Another horse and rider drowned in the Red River a few years ago. The guy was crossing the river to bring back a cow that had crossed and both he and his horse drowned. 

So, while MOST horses can swim, they all can't I swam my horses a lot as a kid, but I would not do it now. So be careful. 

Always remember that no horse can swim with any kind of a tie-down on.


----------



## MyBoyPuck

I personally would not chose a 30' deep lake to try it. We have a lake where it is fairly shallow for about 20' and then suddenly drops off. I know of one horse who absolutely panicked when the ground disappeared beneath his feet.

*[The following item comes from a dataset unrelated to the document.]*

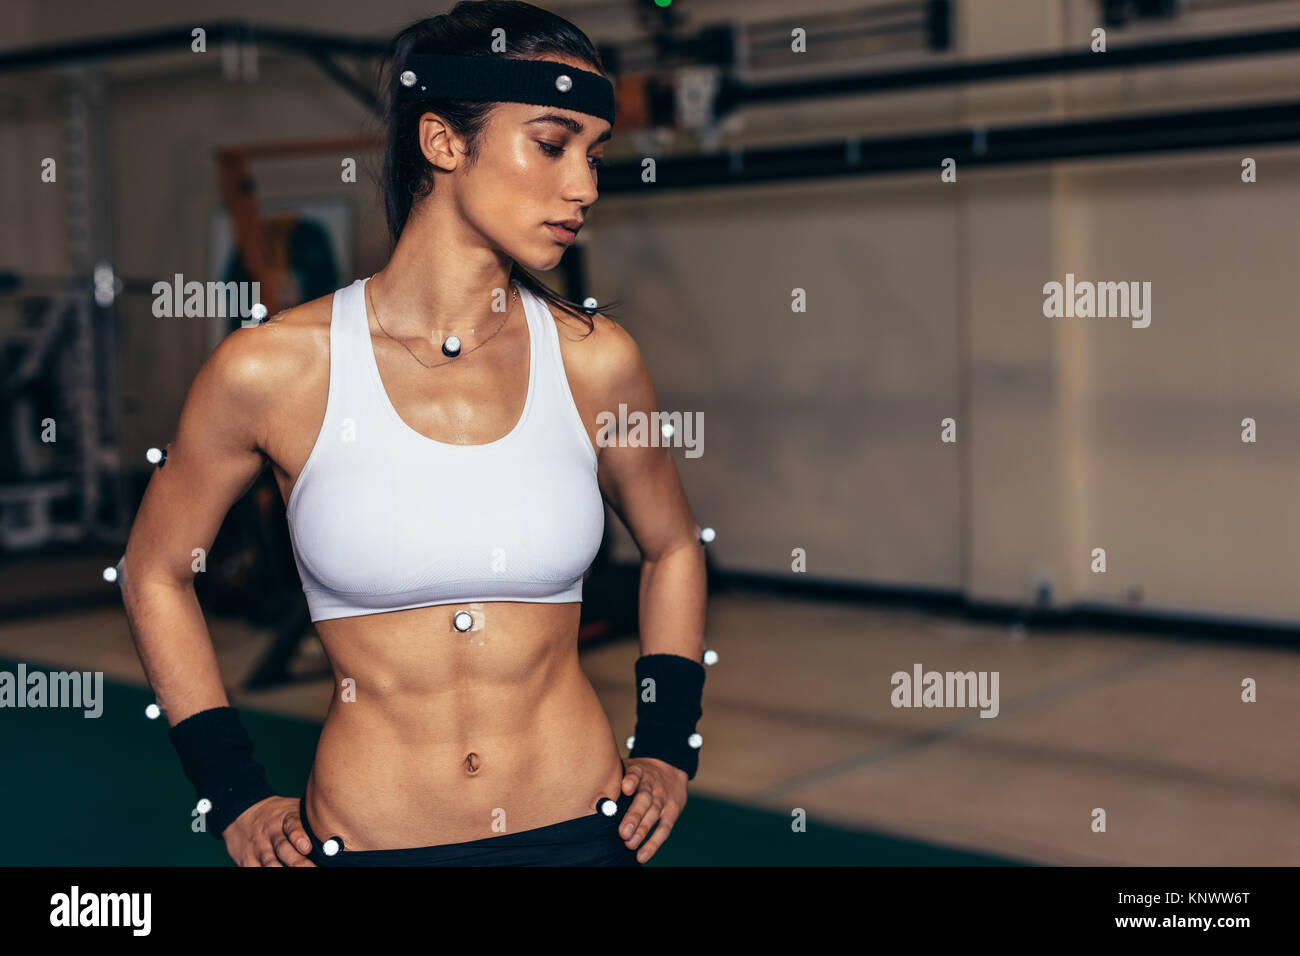 Biomechanik Labor. Weiblichen Athleten mit Motion Capturing Sensoren auf ihrem Körper die Bewegung und Leistung zu erfassen. Stockfoto

Definitely expose your horse to water in a safe lake with fairly shallow water before putting him in a situation where he has to swim.


----------



## Northern

The Chincoteague ponies make it across Assateague Channel yearly; it's 200 yards across, & it takes the ponies about 4 minutes to navigate it. There are youngsters in the herd who make it across, also.

Thus, you'd figure that any reasonably fit horse, or even youngster, would be able to do the same.


----------



## RunJumpRide

My horses are awesome swimmers. 
Just gotta lay down and hold on to the saddle horn in the water (like have them pull you instead of you riding him while he's swimming) because it makes it easier for them to swim.
I would totally swim with specs all the time if he liked it! Lol but he doesn't really enjoy it


----------



## countercanter

Back home there is an old sand query that was converted into a park. There is a trail that got around the lake that was created when they dug all the sand out and its perfect for swimming the horses. I have spent many hot Florida summer days there with my horses. They LOVED it. My big Oldenburg gelding loved to stand about chest deep and just splash in the water and my paint gelding would stand chest deep and doze off. I should look for those pictures...


----------



## countercanter

Found some!

My Oldenburg gelding:



























And my Paint gelding:


----------



## kevinshorses

COWCHICK77 said:


> Its fun, I love swimming with horses. *Its about the only time you will catch me bareback.*..lol.
> Like some have said before, you kind have to feel them out on how well they swim and how deep to go. I rode a horse that would bounce off the bottom instead paddling. Which was fun to ride, but he would get scared easily if he got out too far. Had to pay close attention to how deep the water was.
> _Posted via Mobile Device_


Are you talking about you or the horse!!


----------



## COWCHICK77

kevinshorses said:


> Are you talking about you or the horse!!


Lol...maybe both, depending on how much hooch I've got in me!
_Posted via Mobile Device_


----------